[HN Gopher] Towards 1-bit Machine Learning Models
___________________________________________________________________
Towards 1-bit Machine Learning Models
Author : homarp
Score : 166 points
Date : 2024-03-28 10:58 UTC (1 days ago)
(HTM) web link (mobiusml.github.io)
(TXT) w3m dump (mobiusml.github.io)
| corysama wrote:
| I look forward to the inevitable probabilistic sub-bit machine
| learning models :)
| Cieric wrote:
| I assume this is ment to be a joke, but isn't this actually
| being worked on? (minus the probabilistic portion)

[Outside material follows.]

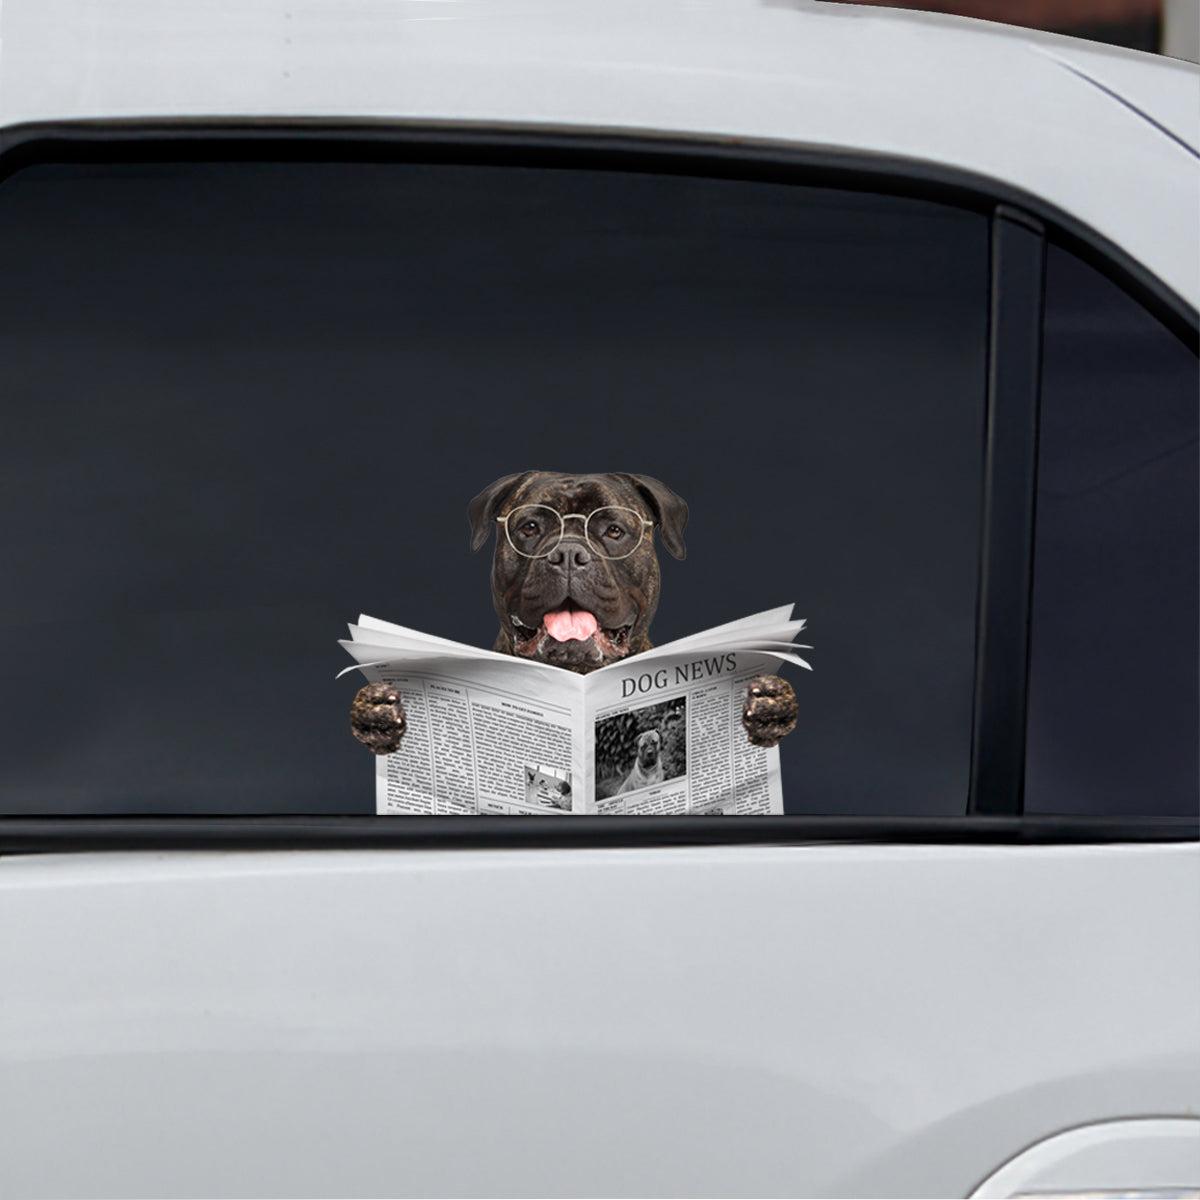 Avez-vous lu les nouvelles aujourd'hui - Bullmastiff Autocollant de voiture/porte/réfrigérateur/ordinateur portable V1

| https://arxiv.org/abs/2310.16795
| Cheer2171 wrote:
| My 0-bit model can predict if you have cancer with 99.5%
| accuracy. It doesn't even need input data! Don't ask about the
| false negative rate though.
| asah wrote:
| My 0-bit, no-input model can predict if you have cancer with
| 99.5% accuracy and 0.5% false negative rate. Don't ask about
| whether the cancer cell(s) are benign.
| paul_mk1 wrote:
| Sub 1-bit has been done at least as far back as 2016 for VGG
| style networks (my work).
|
| I was able to get 0.68 "effective" bits.
|
| The idea is that in each forward pass you add noise to _each_
| weight independently drawn from normal distribution, and when
| you calculate snr, it 's sub 1 bit. Points to the idea that a
| stochastic memory element can be used.
|
| https://arxiv.org/abs/1606.01981
| iamgopal wrote:
| So new AI chip will be coming optimised for large scale non-byte
| bit only AI world ?
| thesz wrote:
| Every CPU and GPU now has popcount [1] instruction. You can
| thank US three letter agencies for that [2].
| [1]
| https://en.wikipedia.org/wiki/Hamming_weight#Processor_support
| [2] https://vaibhavsagar.com/blog/2019/09/08/popcount/
|
| Multiplication then is just bitwise AND and a popcount.
| ttul wrote:
| Makes you wonder what the agencies know that we don't...
| rapatel0 wrote:
| It's just cryptography and encoding. Popcount is useful for
| understanding entropy.
| JKCalhoun wrote:
| As an AI layman, I am for some reason excited by the low-bit
| learning models.
|
| Apple, now leaving behind the albatros that was the Apple car,
| could be the one to roll their own silicon and put an LLM in our
| back pockets.
|
| Goodbye Siri, hello Seriously.
| talldayo wrote:
| Or we could end up getting another Google integration, with iOS
| being too rigid and locked-down to feasibly support third-party
| private AI alternatives. Fate has a cruel sense of humor,
| sometimes.
| odyssey7 wrote:
| Are you referring to the Swift version of TensorFlow?
|
| https://www.infoworld.com/article/3608151/swift-for-
| tensorfl...
| Me1000 wrote:
| I believe they're referring to these rumors:
| https://www.macrumors.com/2024/03/21/apple-iphone-ai-
| talks-g...
| JKCalhoun wrote:
| Could be a way for Apple to buy time as well until they
| do have something competitive.
| lawlessone wrote:
| > could be the one to roll their own silicon and put an LLM in
| our back pockets.
|
| Wouldn't they have to do a lot of catching up with everyone
| else already working on it?
| declaredapple wrote:
| They've been designing their own chips a while now, including
| with an NPU.
|
| Also because of their unified memory design, they actually
| have insane bandwidth which is incredibly useful for LLMs.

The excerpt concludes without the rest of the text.